Problem statement. Give back the whole listing exactly as written, leaving out each picture.

Recorded information.

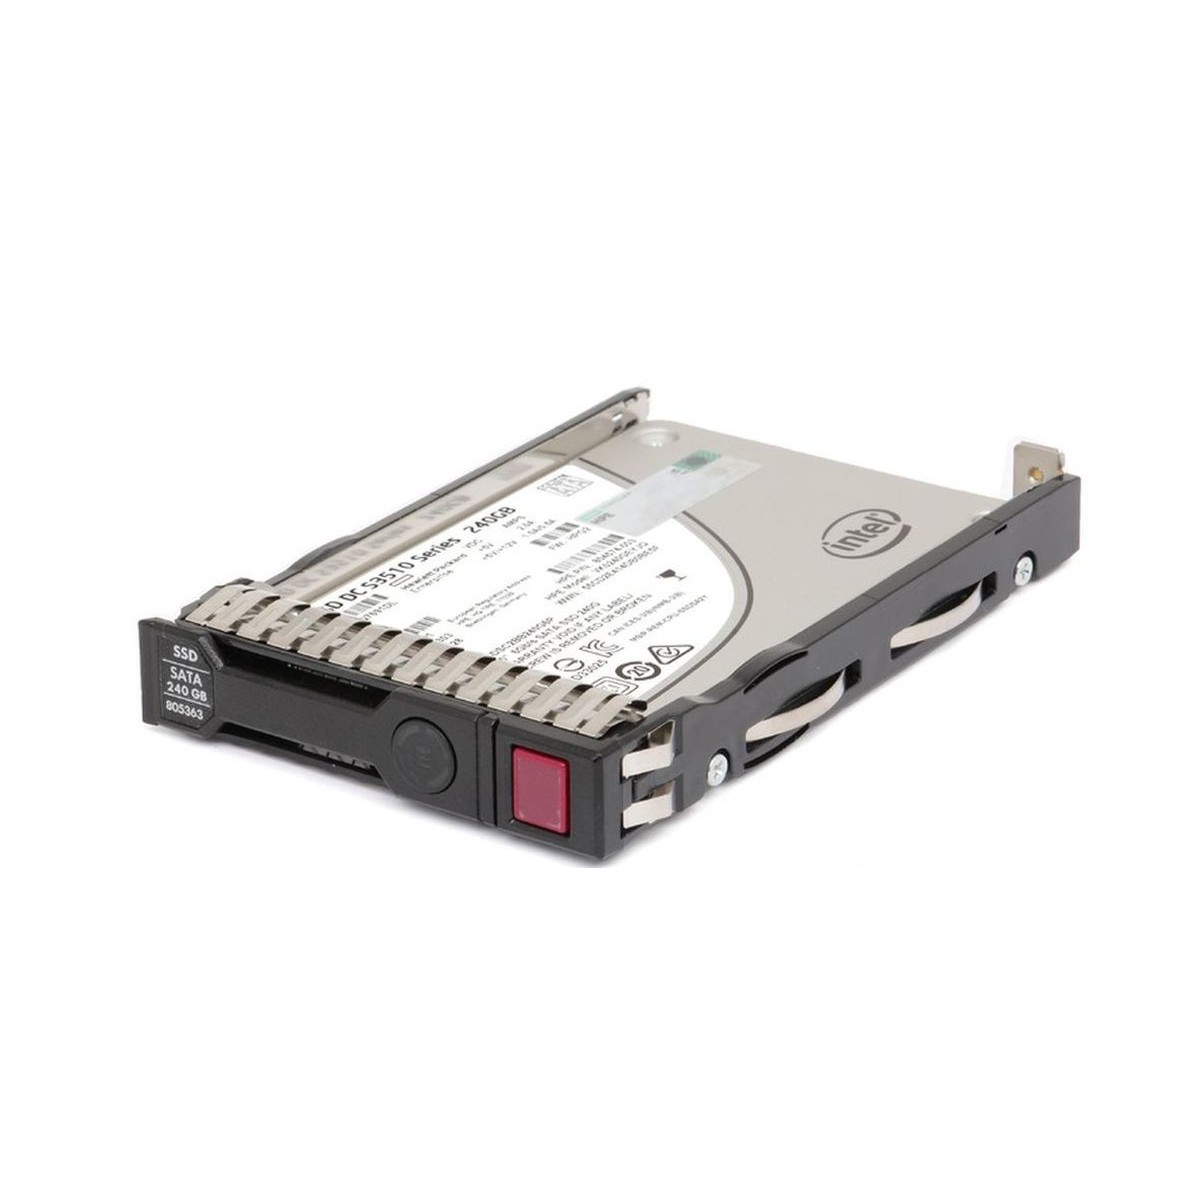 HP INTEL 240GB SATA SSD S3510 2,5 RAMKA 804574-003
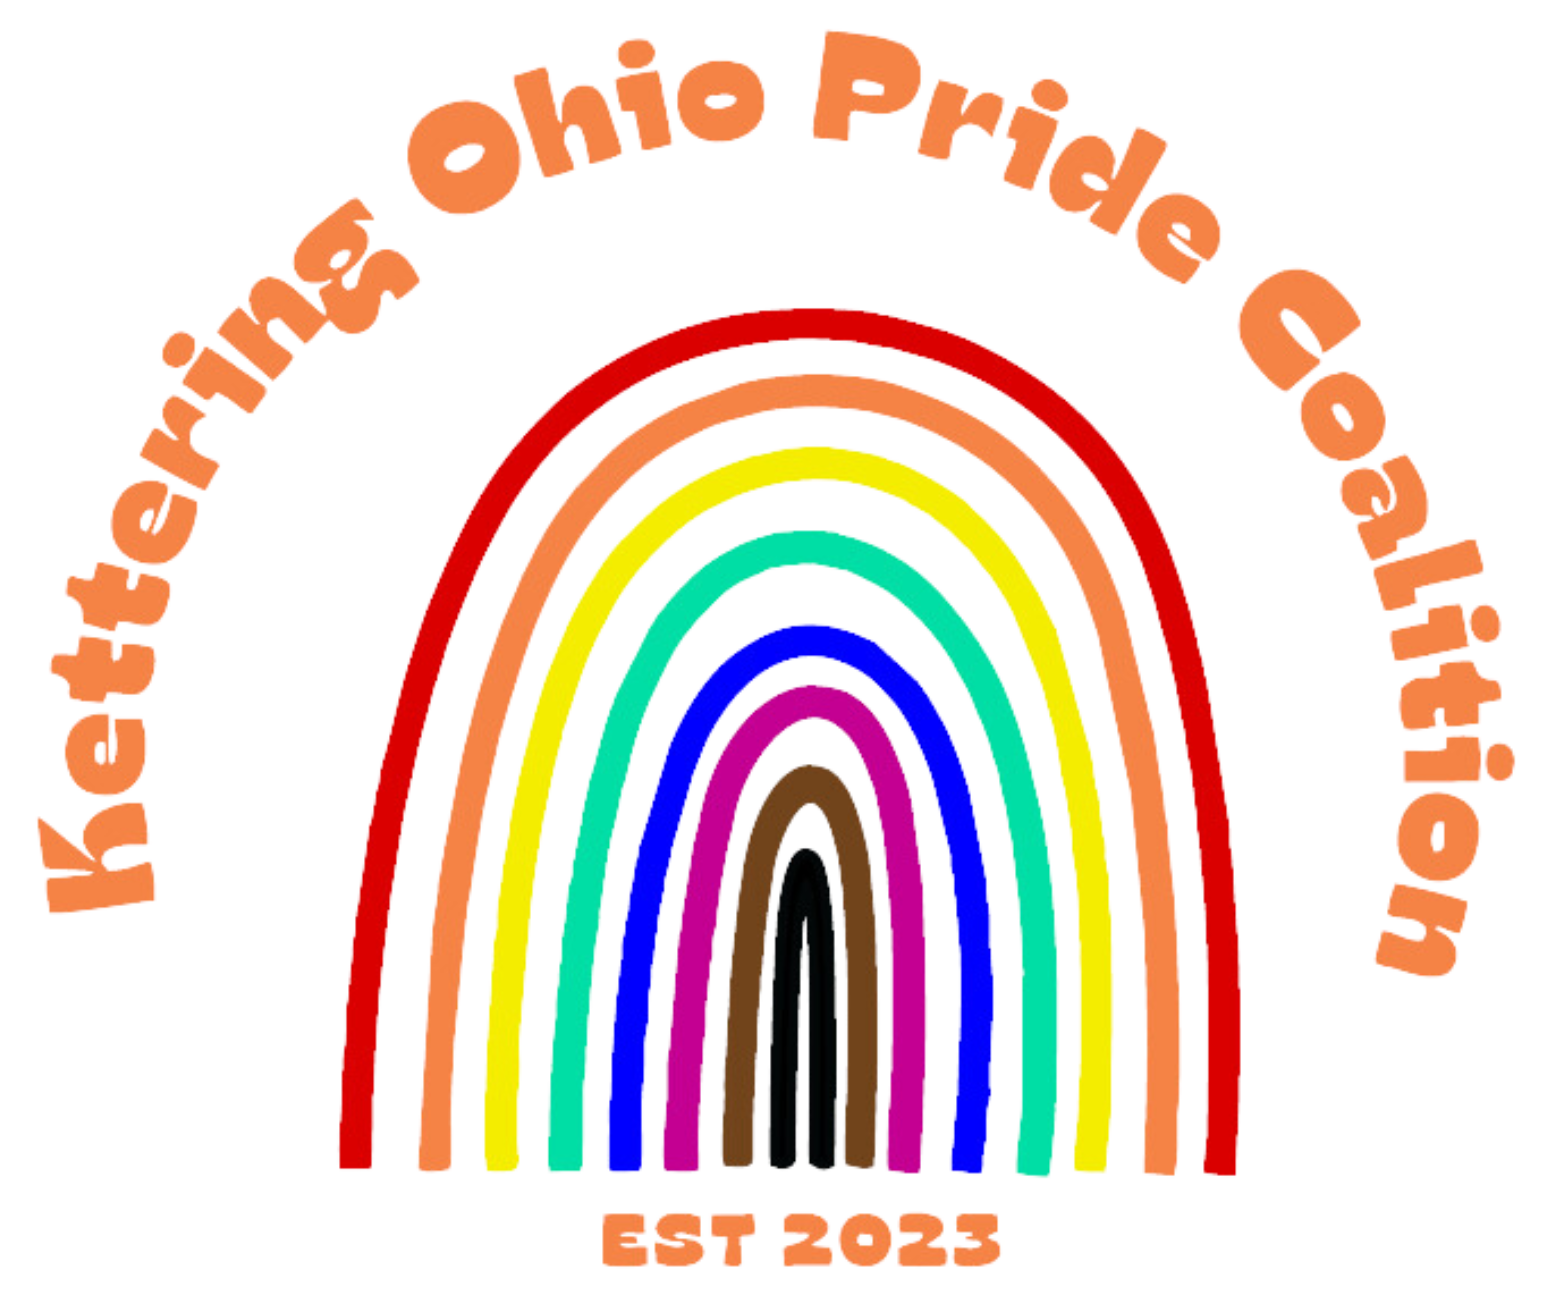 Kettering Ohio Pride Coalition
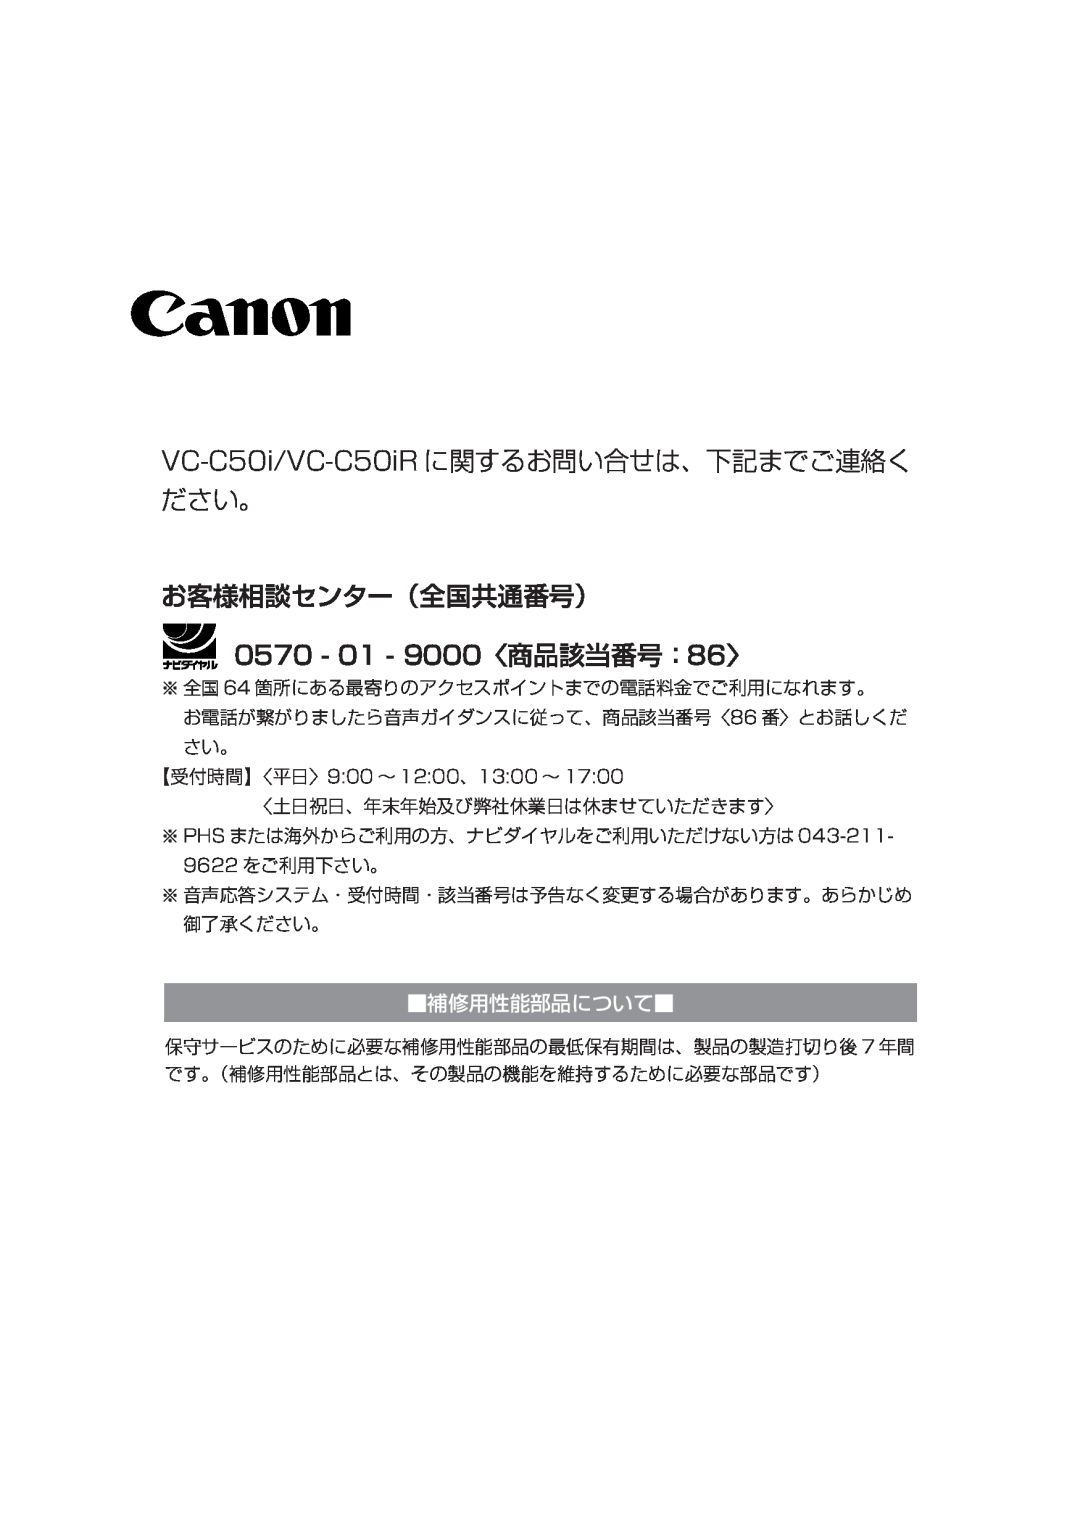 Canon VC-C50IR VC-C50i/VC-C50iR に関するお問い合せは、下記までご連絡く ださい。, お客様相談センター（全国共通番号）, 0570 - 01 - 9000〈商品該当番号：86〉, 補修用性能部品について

The completed task.
 HP INTEL 240GB SATA SSD S3510 2,5 RAMKA 804574-003
 Kettering Ohio Pride Coalition
 Canon VC-C50IR VC-C50i/VC-C50iR に関するお問い合せは、下記までご連絡く ださい。, お客様相談センター（全国共通番号）, 0570 - 01 - 9000〈商品該当番号：86〉, 補修用性能部品について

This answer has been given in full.